More satisfyingly, I stumbled upon this new counter service Trinidadian place only a couple blocks from our house. Susie and I both tried it last night, and it's really good. The co-owner is this very friendly guy who took the time to explain all of the stuff we were ordering, and to pack little containers of their four chutneys/salsas (hot, mild, mango and tamarind) for us to try with our roti (flat bread with stuff on top). I got the veggie one, and it came with an enormous mound of seasoned green beans, pumpkin, squash, chickpeas, potatoes and some greens I didn't recognize. It was delicious, though the hot chutney nearly incapacitated both of us. Anyway, I think I'll be heading there every week or so.

Now I've made myself really hungry, of course...

Tuesday, December 05, 2006

Saab longevity

The Star Tribune notes a traveling salesman who drove his 1989 Saab 900 SPG for more than a million miles (in snowy Wisconsin, no less). When it says he bought another Saab to replace it, I assume that means he bought another classic, pre-1994 900, since the GM influence hasn't been so good for character or reliability.
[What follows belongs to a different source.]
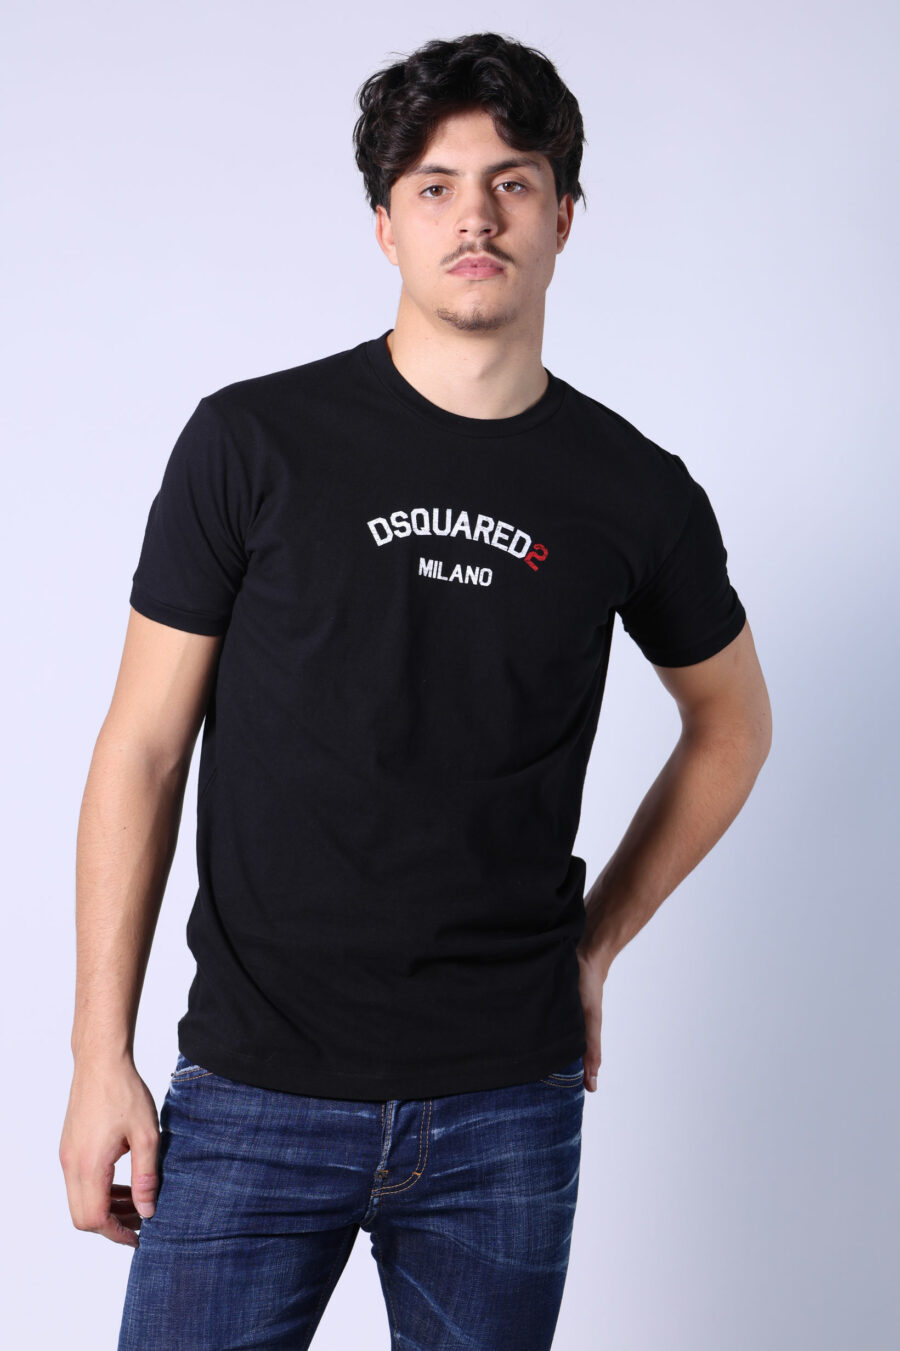 Camiseta negra con minilogo "dsquared2 milano" - Untitled Catalog 05472

Hopefully my 1992 900 will be with me for a while to come (it's got 186,000 miles, but I'm not placing any bets on a million). I confess to wanting a classic 900 SPG, the performance version of the car, but it would not be a sensible move...

Monday, December 04, 2006

Plans made

A couple weeks ago I said that I was offered a job. Well, today I accepted it -- so it's definitely off to DC next year.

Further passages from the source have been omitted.